Большая надежда была у Петра на молодых людей, обучавшихся за границей. Не все же там лодыря праздновали, а получали полезные знания, как получал их он сам во время своего пребывания у иноземцев.
– Ох, ученье-мученье! – с глубоким вздохом произнес старик Стрешнев, вспомнив свою школярскую пору. – Бывает, что и теперь, при старости лет, во сне мучаюсь, будто все еще в учении нахожусь. Проснешься – и заплюешься на сон. А учился – нисколь не совру – по своим годам прилежно, и учитель задавал урок по силе, чтобы я затверживал скоро. Но как нам, кроме обеда, никакой иной отлучки не полагалось и сидели мы на скамейках безсходно, то в большой летний день приходилось великие мучения претерпевать, и я так от того сидения ослабевал, что становился снова беспамятливым: что с утра выучил наизусть, то к вечеру и половины не знал, за что меня, как нерадивого и непонятливого, нещадно секли. А ежели учитель днем отлучался, то жена его понуждала нас громко кричать, хотя б и не то, чему учены были, но только б наш голос ей слышен был, не то, дескать, сон нас сморит… Ох, ученье-ученье, истинно что мучение от него, – еще и еще вздыхал Стрешнев.
– Такие твои побаски, Тихон Никитич, нам ни к чему, – недовольно замечал ему Петр. – Нам повсеместно надобно учение насаждать, а тебя послушать – завяжи глаза да бежи от школярства прочь. Негоже так.
– Да я молчу, молчу, государь. Только тебе про то молвил.
– И мне не для чего слушать такое.
– К слову пришлось, – объяснял Тихон Никитич, чувствуя себя виноватым.
– Как ни трудно бывает в учении, а пребывать неучем никак не возможно. Я неграмотных женихов венчать запретил, и никакого послабления тому быть не может, а что касательно розог, то они хорошо ученью способствуют, и обижаться на битье в молодости лет не след никому.
– Ну, прости меня, государь, что душу твою взбередил, – взмолился Стрешнев. – Безо всякого умысла язык болтал. Сделай милость, прости.
– Прощу, ладно, – отмахнулся от него Петр, но продолжал: – Срамно сказать, что у нас в Сенате такие есть, кои не умеют фамилию свою написать. Как же мне на них в важных делах полагаться?.. И жестокую войну вести надо, и большую торговлю налаживать, и обучение недорослей не запускать, и корабли, крепости, города строить, – за всеми делами не можно мне одному усмотреть. Не вездесущий свят-дух. Инде могу оказаться, а инде меня вовсе нет. И прошу вашей помощи общее наше дело править.

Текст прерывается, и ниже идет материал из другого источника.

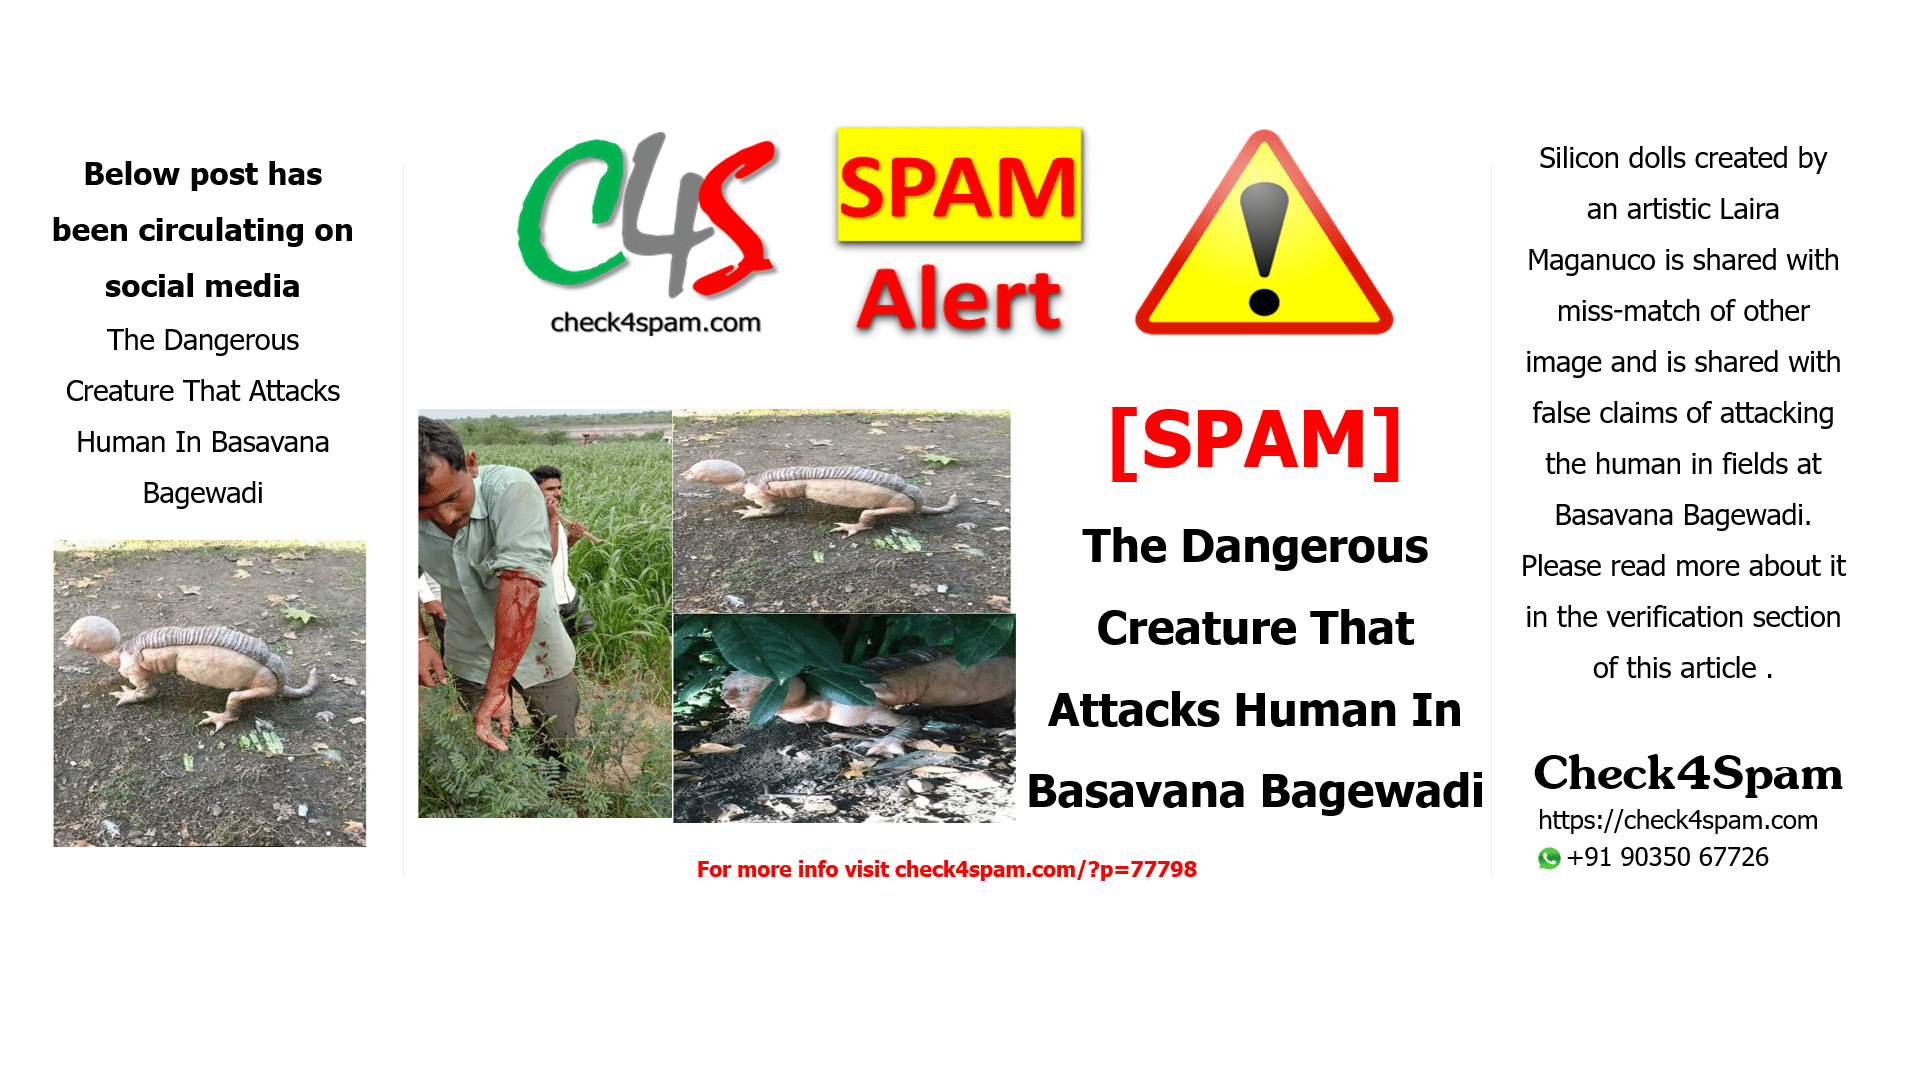 The Dangerous Creature That Attacks Human In Basavana Bagewadi

– Всемерно стараться станем… За великое счастье почтем еще больше тебе служить… Помогать будем как только сможем… – в один голос проговорили Стрешнев, Ягужинский и Мусин-Пушкин, а Толстой поднялся с места и, поклонившись, сказал: – Дозвольте заверить царское ваше величество, что вся моя жизнь – служба вам.
– Непорядков намного больше, нежели налаженных дел. На что, к примеру, такое похоже? – достал Петр из кожаной сумки листок с донесением. – Вот, фискал сообщает… – И прочитал: – «В Устрицком стану дворянин Федор Мокеев сын Пустошин уже давно состарился, а ни в какой службе и одной ногой не бывал, и какие посылки жестокие на него ни бывали, никто взять его не мог. Одних дарами угобзит, а кого дарами угобзить не может, то притворит себе тяжкую болезнь или возложит на себя юродство и в озеро по бороду влезет. И за таким его пронырством иные и с дороги его отпущали, а егда из глаз у посыльщиков выйдет, то юродство свое откинет и, домой явившись, яко лев рыкает. И никаковые службы великому государю кроме взбалмошного огурства озорного не показал, а соседи все его боятся; детей у него четыре сына выращены, и меньшому уже есть лет осьмнадцать, а по сей год никто из них ни в какую службу выслан не был». Придется не иначе как к Ушакову в застенок сего дворянина забрать, чтобы направить на путь истинный.,. Или вот… – достал Петр другой листок. – «У крестьян писцы ворота числят двором, хотя в избе народу сам-шесть или сам-десять, и пишут всех одним двором, а рядом, за другими воротами изба бобыльная, всего на одну душу, но пишут все равно – двором. По здравому рассуждению надлежит крестьянские дворы считать не по воротам и не по дымам избяным, а по проживающим в избе людям, по владению землей и засеву хлеба». О таком рассуждении фискала хорошо подумать надо, подсказка изрядная, и по ней должно истину изыскать, как дворы считать.